A forced disappearance is a detention or kidnapping carried out by State officials, or people or groups acting with the authorisation, support, or acquiescence of the State, followed by the concealment of the fate or whereabouts of the missing person.

The Argentinian authors found precedents for people disappearing in Nazi practices during the Second World War, when seven thousand people were secretly shipped to Germany under the Nacht und Nebel decree (Night and Clouds), passed in 1941 by the Supreme Command of the German army.

Following Hitler’s orders, the Nazis resorted to making members of the opposition disappear so that they did not become martyrs in their home towns if they were tried in court and sentenced to death. The decree laid down that anyone could be detained on a simple suspicion, and “vanish.” In this way, it was not possible to obtain information about the status and whereabouts of the victims, and that’s how they tried to achieve an “effective intimidation” of the population, and of family members, as a result of the paralising terror which it would unleash.

The International Convention on Missing Persons (2007) is the first universal treaty to define and prohibit enforced disappearance. In order to fight against this brutal crime, the Convention sets out four main ideas:

  • Combating impunity
  • Prevention
  • Victims’ rights
  • Application

Fields of Action

To address missing persons’ problems, five fields of action were identified:

The prevention of disappearances includes, as a fundamental measure, respect for the right to exchange news

To find out what has happened to people who have gone missing. It is important to maintain vigilance, so that the issue of missing people is not forgotten at the national or international level.

Manage the information and records relating to people who have gone missing. The collection and interchange of information with all interested parties should be arranged and coordinated adequately and actively, to increase the efficiency of the measures adopted to clarify what has happened.

Deal with the bodies and information relating to those who have died.

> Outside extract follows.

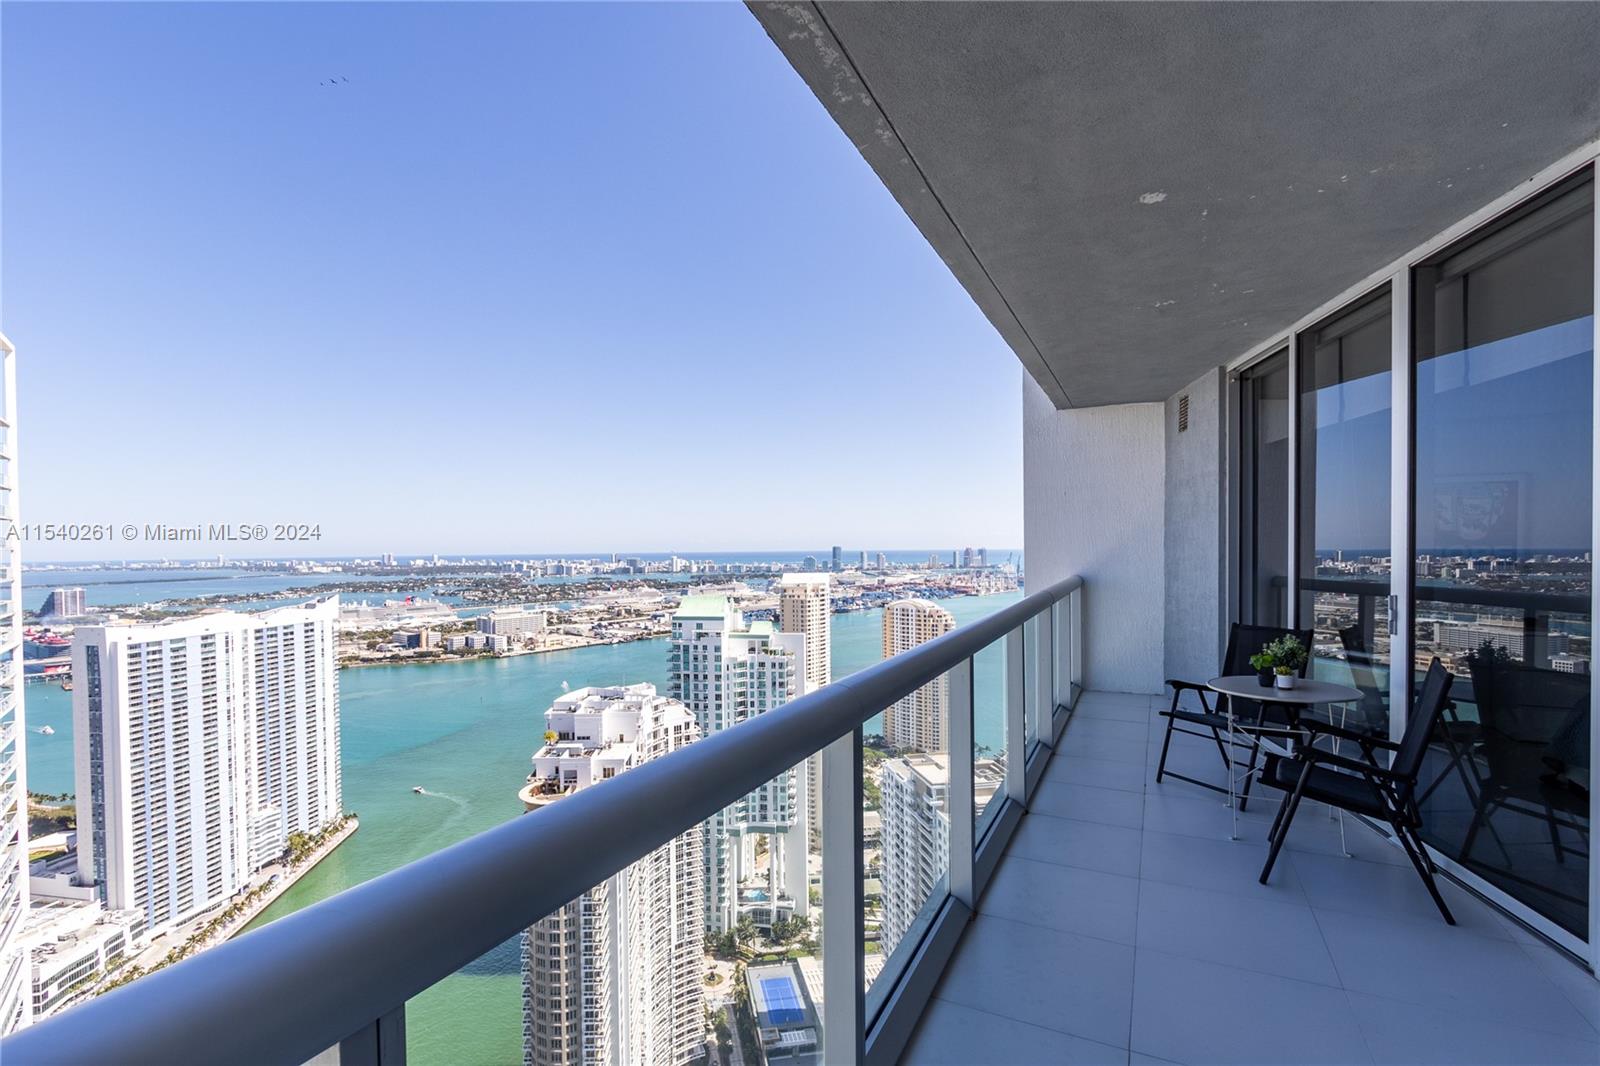 Indulge in the allure of urban living at this captivating Fully FURNISHED 1-bed. condo in the prestigious Icon Brickell. From the moment you step inside you'll be swept away by the breathtaking views and luxurious amenities that promise a lifestyle of sophistication. Waking up to the gentle glow of the Miami sunrise, sipping your morning coffee gazing over the bustling city below. Every detail has been crafted with your comfort and enjoyment in mind from the sleek modern finishes to the expansive floor-to-ceiling windows that flood the space with natural light. Whether you're lounging by the pool, unwinding in the spa, or exploring the vibrant streets of Brickell, every moment spent here is sure to evoke a sense of excitement and joy. Don't just imagine your dream home – make it a reality.
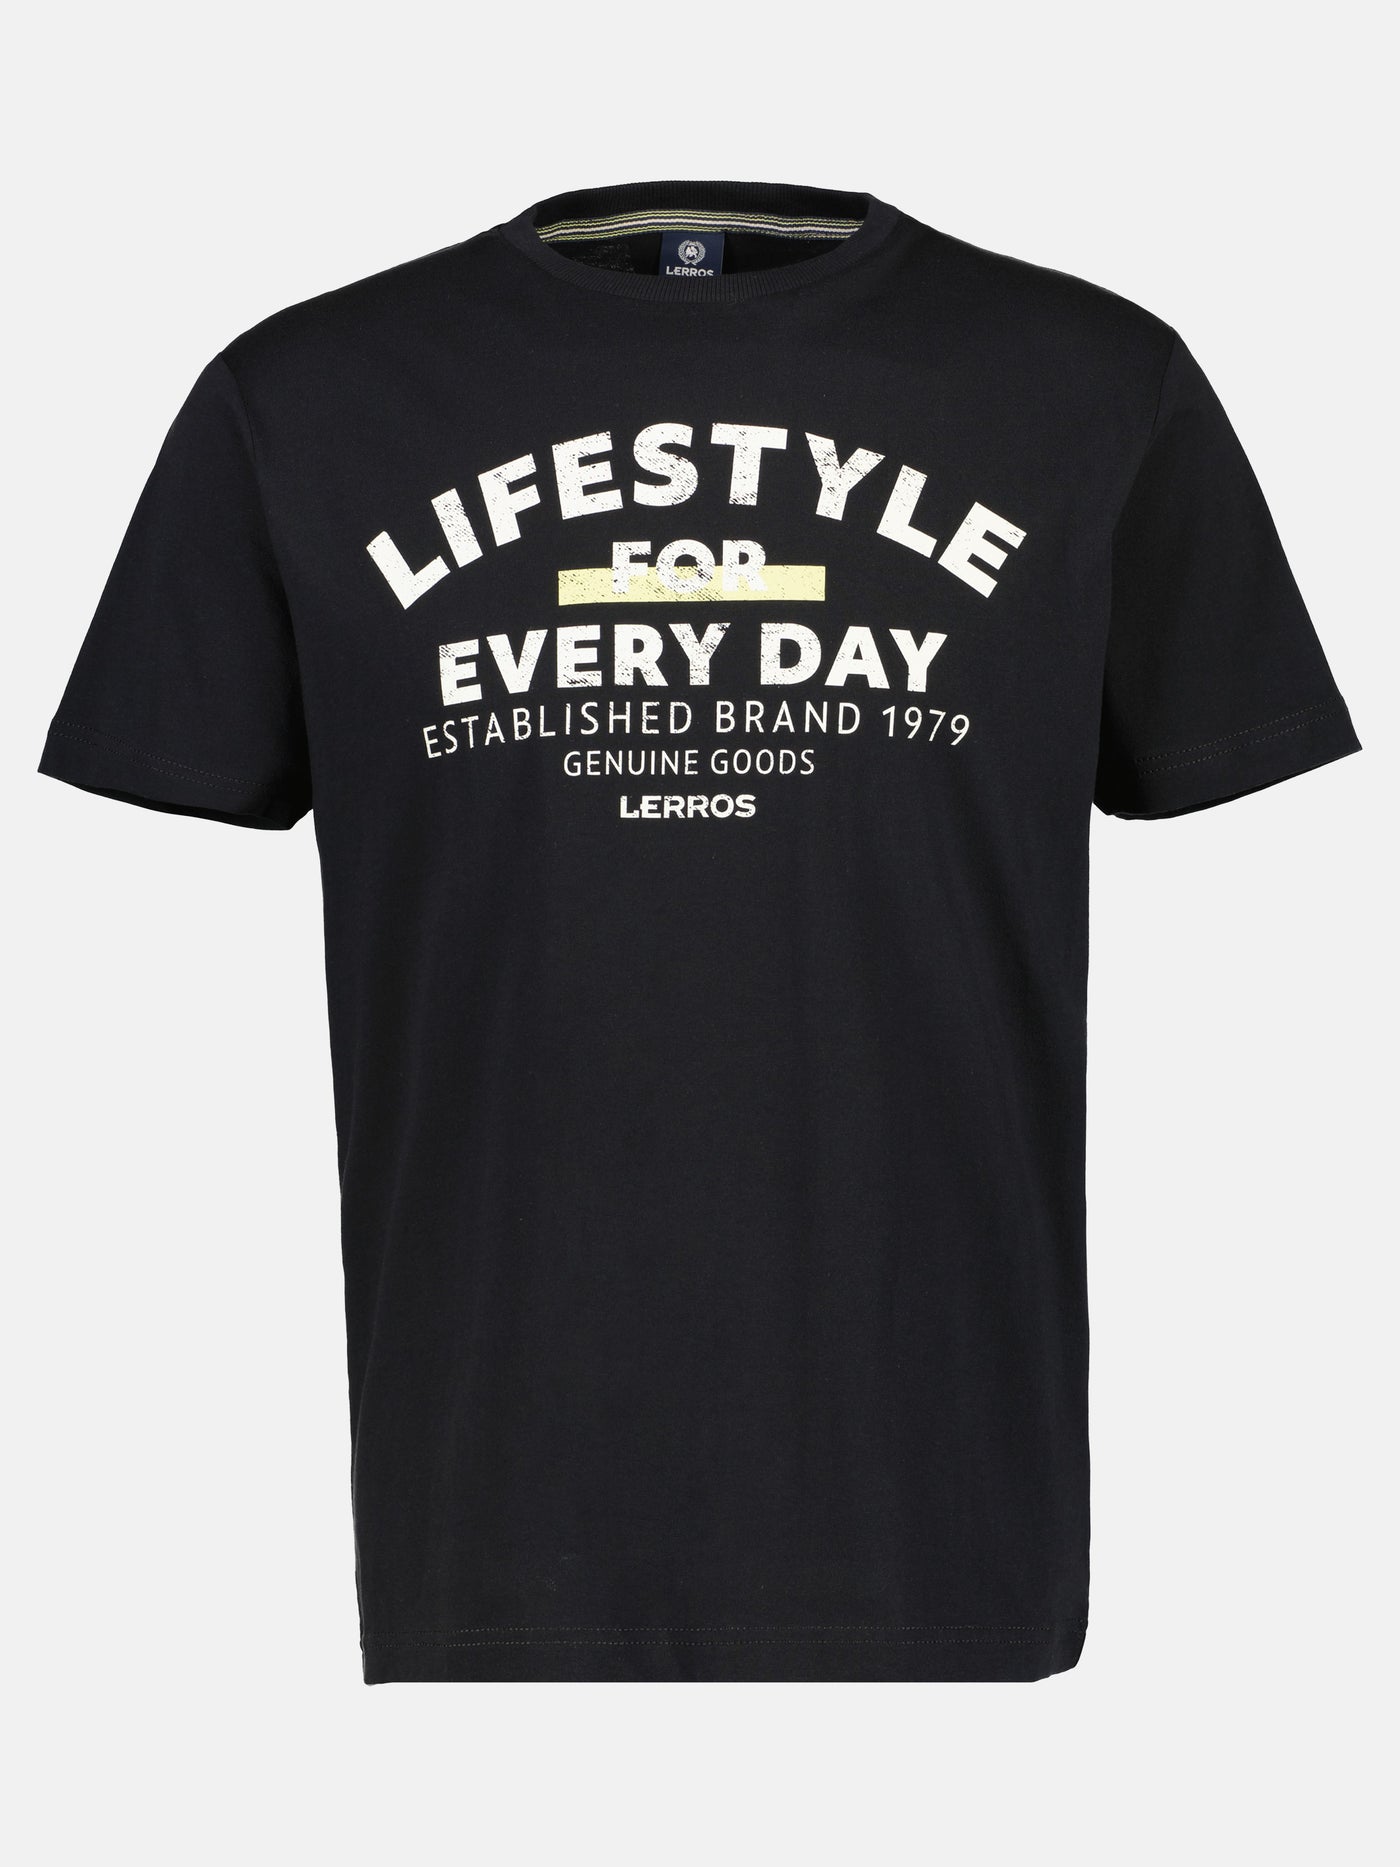 T-Shirt *Lifestyle for every day* LERROS SHOP –

Support missing persons’ families.

The Role of Members of Parliament

  • To check whether their country has laws relating to missing persons and their families (these regulations may be found in a variety of laws).
  • If there aren’t any, to propose that the necessary legislation be enacted.
  • To confirm that the law in their country conforms with international humanitarian law and international law on human rights; if it does not, to not hesitate:
  • To make contact with the appropriate authorities to obtain information;
  • To prepare questions for the government;
  • To open a parliamentary debate on the need for legislation to protect people against forced disappearances and to respect the rights of missing persons and their families;
  • To iniciate a debate on the contents of appropriate legislation;
  • To seek the advice of the International Committee of the Red Cross (ICRC) and other competent international organisations.

(1) Ana Lucrecia Molina Theissen (1988).  Enforced disappearance of persons in Latin America.

See also: International Committee for the Red Cross: Missing Persons

(2) International Convention for the protection of all people against forced disappearance, 2006. Article 2.

(3)Amnesty International (1983) Disappearances. Editorial Fundamentos, Barcelona, p.8.